Background checks in dating apps aim to promote safety, but raise privacy concerns

Kimberly Adams Mar 17, 2021
Heard on:
A woman walks past a Tinder advertisement. Sean Gallup/Getty Images
HTML EMBED:
COPY

This week, Match Group, which owns the apps OkCupid, OurTime, Plenty of Fish, Match.com and Tinder, announced that it’s partnering with a nonprofit called Garbo to eventually allow users to do criminal background checks on potential dates.

The partnership will start with a pilot on Tinder later this year. The goal is to give users access to information that may indicate a history of violence or abuse.

But, as you can imagine, some privacy experts are concerned. 

This move is all about safety. According to Garbo founder Kathryn Kosmides, the idea is that before you go on a date, as long as you have a first name and a phone number, “you’ll see someone’s arrest data, conviction history, orders of protection, all public records and reports, especially around the reporting of violence.”

But with all that data just a few clicks away from a dating profile, some privacy experts are also concerned about accuracy.

“It’s really an admirable goal.
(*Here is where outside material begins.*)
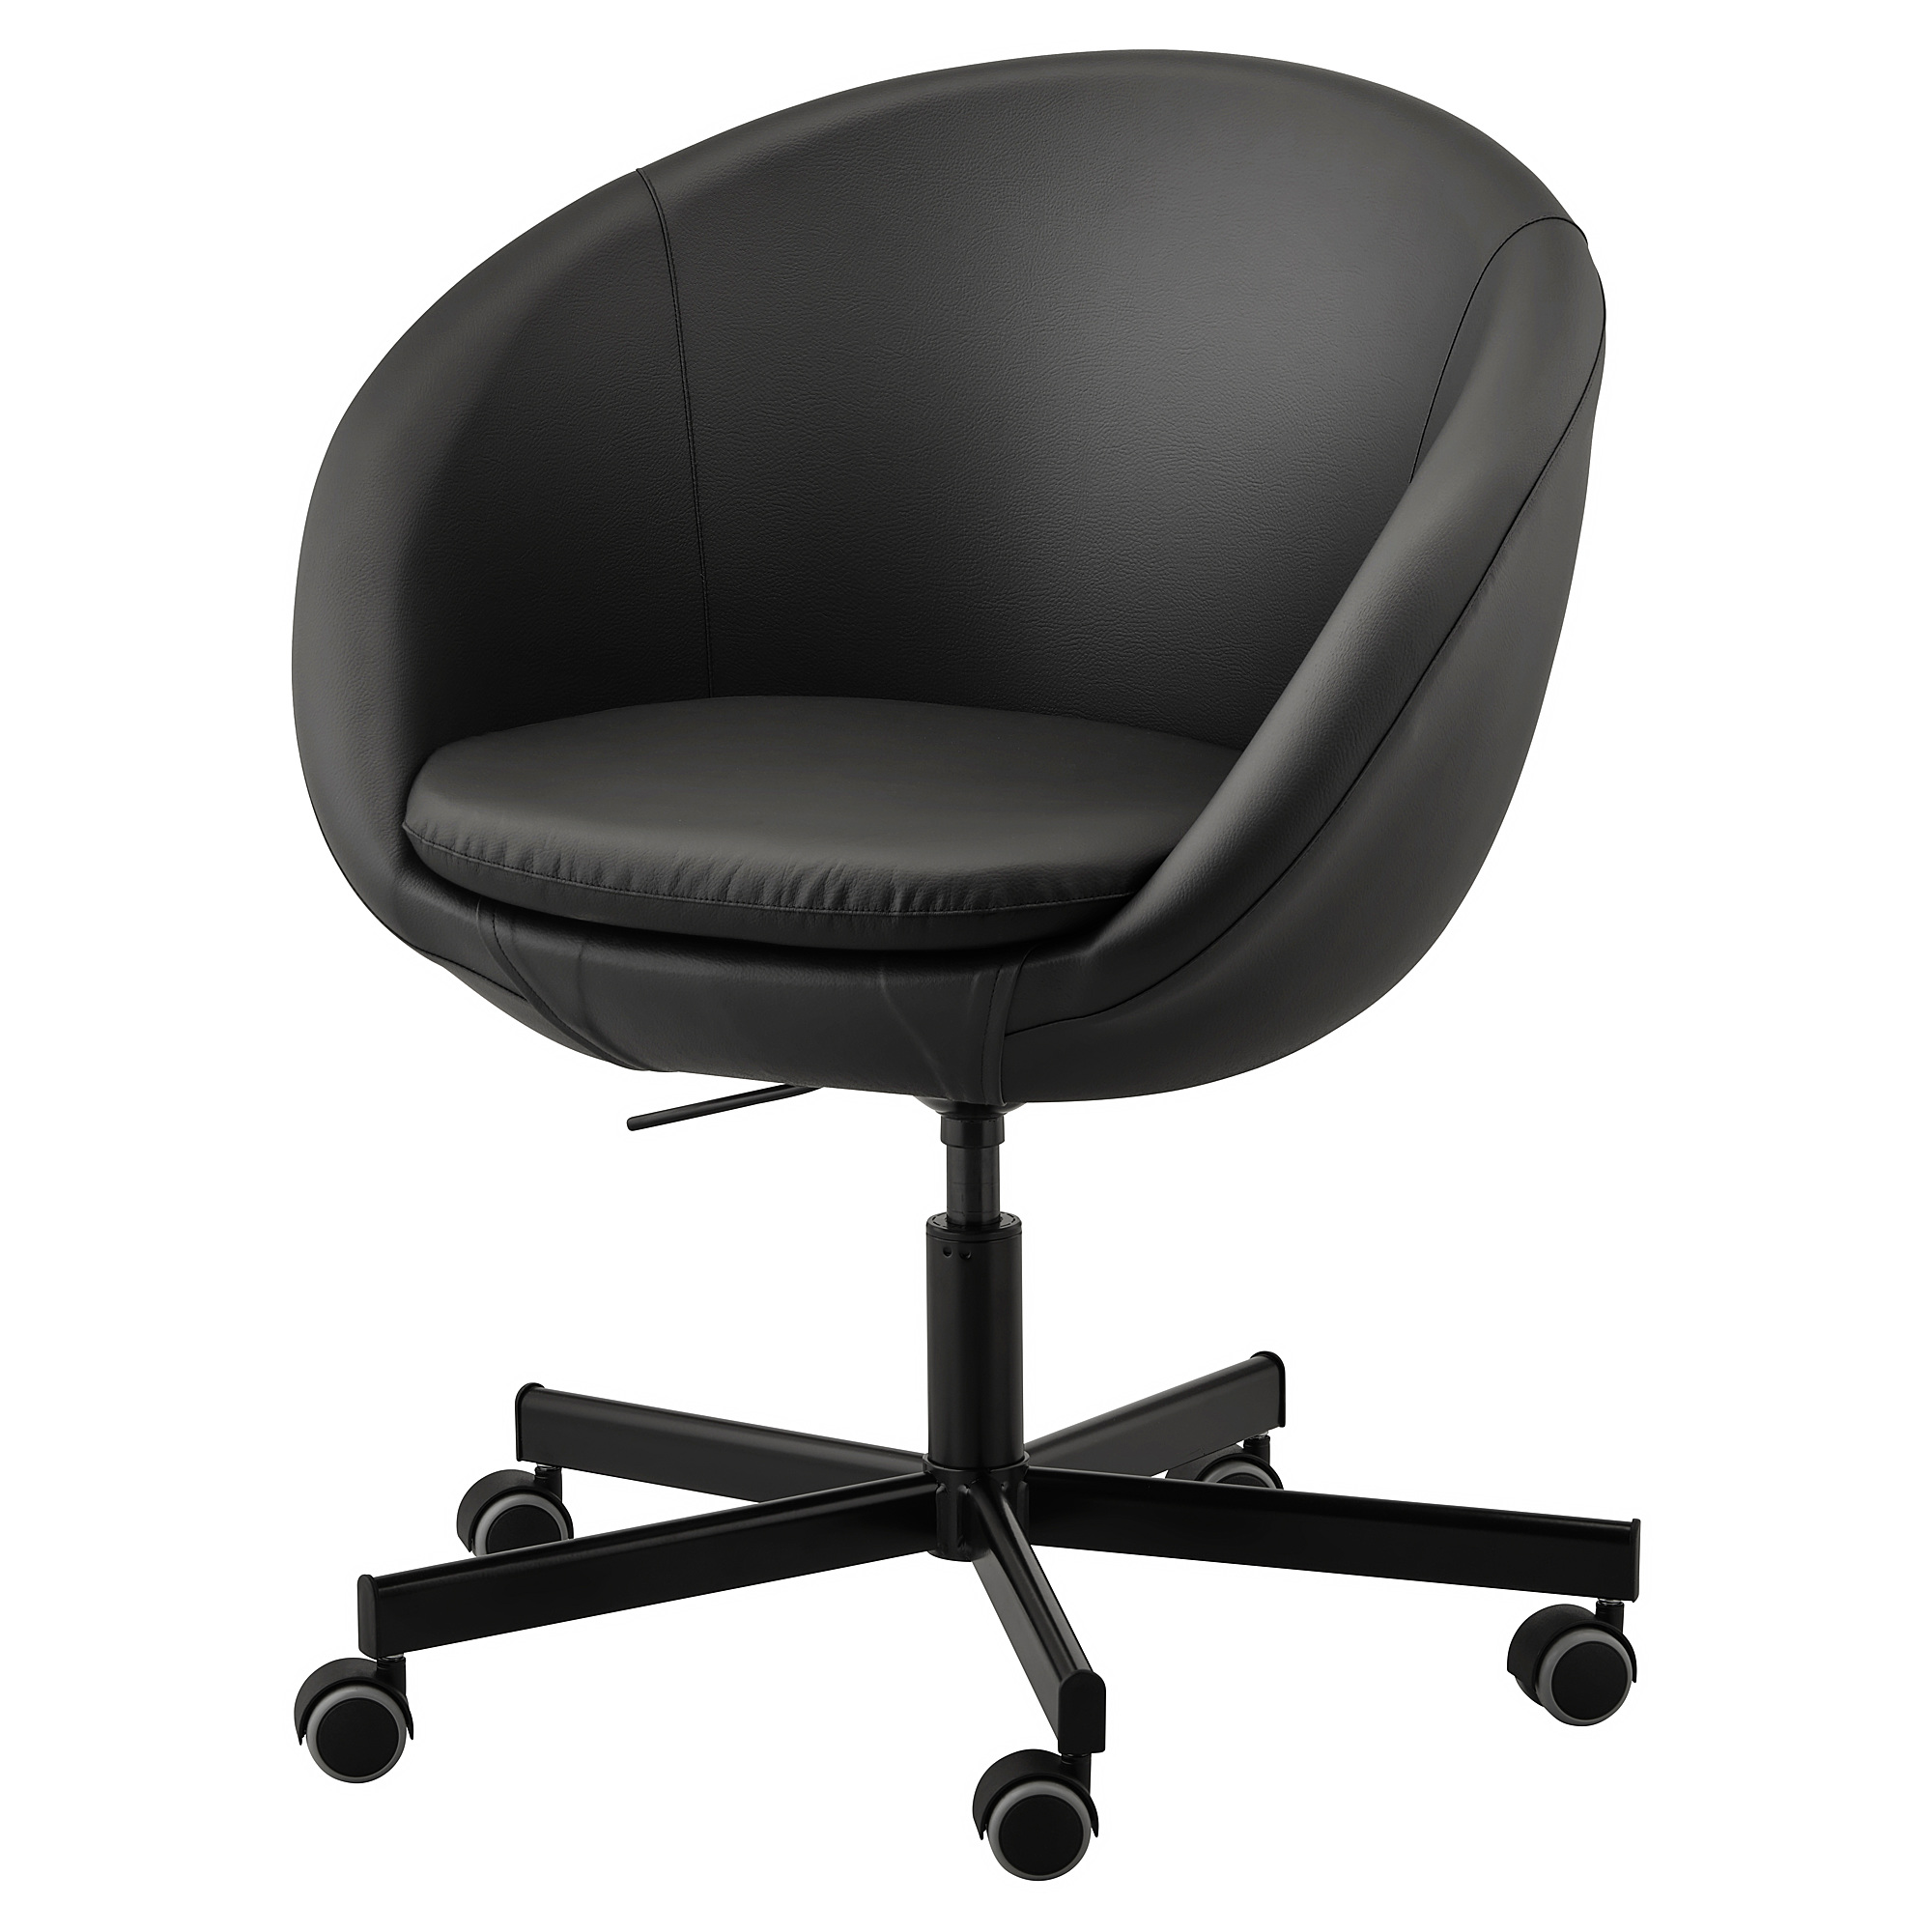 SKRUVSTA - 旋轉電腦椅, Idhult 黑色| IKEA 線上購物

The question is, are things like criminal records a good proxy for whether someone’s violent? And the problem is, they’re not,” said Michelle Richardson, with the Center for Democracy and Technology.

A lot of intimate-partner violence never gets reported in the first place. Plus, there’s a lot of discrimination in the criminal justice system.

Garbo founder Kosmides said the platform will leave out low-level traffic violations and minor drug crimes.

But according to Karen Levy, who teaches information science at Cornell, “We know that, you know, arrests are racially disproportionate for all kinds of crimes, right? Not just drug crimes.”

Levy said it’s easy to understand wanting to know whether a potential date has a history of violence. What’s harder is determining where one person’s right to safety infringes another person’s right to privacy.